In computing the interest rate on a loan, for purposes of O.C.G.A. § 7-4-18, it must be determined whether “in any given month, the interest charged exceeds five (5%) percent.” Evans, supra, at 360-61 (emphasis added). Having found the loan fees in this case constitute interest applicable only to the first month of the respective loans, I must determine for each loan, using the formula prescribed in Norris, whether the combination of simple interest charged in the first month of the loan plus the additional interest charge in the first month, the nonrebatable loan fee, results in an interest rate in the first month in excess of five (5%) percent. Evans, supra, at 360. If so, the loan is usurious under O.C.G.A. § 7-4-18.

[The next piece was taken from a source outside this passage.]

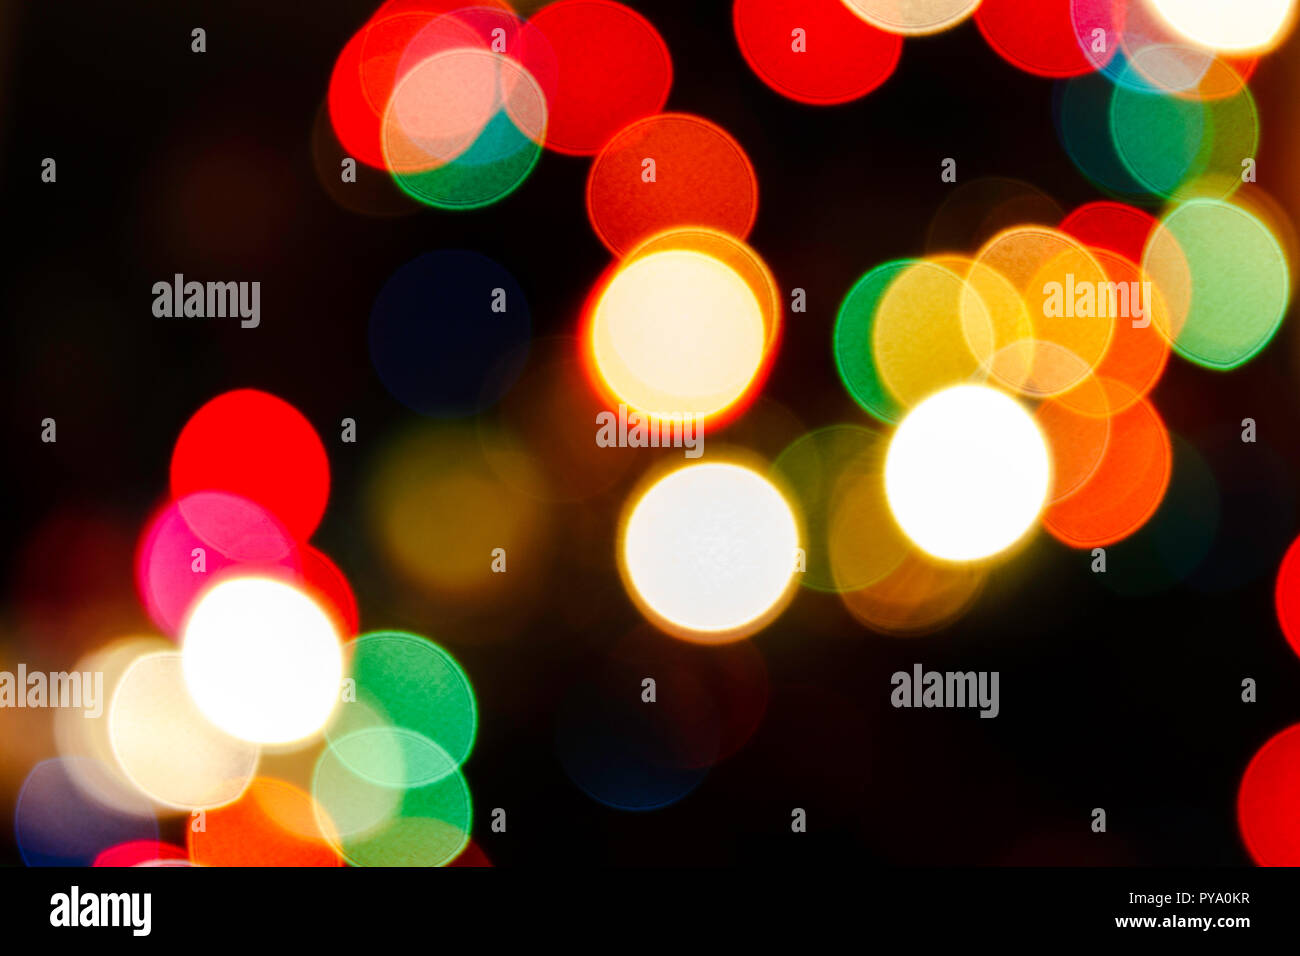 Bokeh of Christmas Lights with red, green, orange, yellow and white lights. Stock Photo

The face amount of the first loan was Nine Thousand Nine Hundred Seventy-Seven and 10/100 ($9,977.10) Dollars. Of that amount Four Hundred Ninety-Eight and 71/100 ($498.71) Dollars was a loan fee, which under Norris (see note 4), is considered interest rather than principal. Subtracting the loan fee from the face amount of the loan leaves an amount financed of Nine Thousand Four Hundred Seventy-Eight and 39/100 ($9,478.39) Dollars. The total cost of credit was Five Thousand Nine Hundred Fourteen and 83/ 100 ($5,914.83) Dollars, the difference between the amount financed, Nine Thousand Four Hundred Seventy-Eight and 39/100 ($9,478.39) Dollars, and the total of payments due under the loan agreement, Fifteen Thousand Three Hundred Ninety-Three and 22/100 ($15,393.22) Dollars. The term of the loan was 60 months, so the amount of simple interest attributable to each month was Ninety-Eight and 58/100 ($98.58) Dollars ($5,914.83 divided by 60 rounded to the nearest cent). The total interest charged in the first month of the loan was Ninety-Eight and 58/100 ($98.58) Dollars, the amount of simple interest per month, plus the lоan fee of Four Hundred Ninety-Eight and 71/100 ($498.71) Dollars, totaling Five Hundred Ninety-Seven and 29/100 ($597.29) Dollars. The total interest for the first month of the loan, Five Hundred Ninety-Seven and 29/100 ($597.29) Dollars, divided by the amount financed, Nine Thousand Four Hundred Seventy-Eight and 39/100 ($9,478.39) Dollars, yields an interest rate charged in the first month of the loan of 6.3% percent. Under O.C.G.A. § 7-4-18 the first loan was usurious.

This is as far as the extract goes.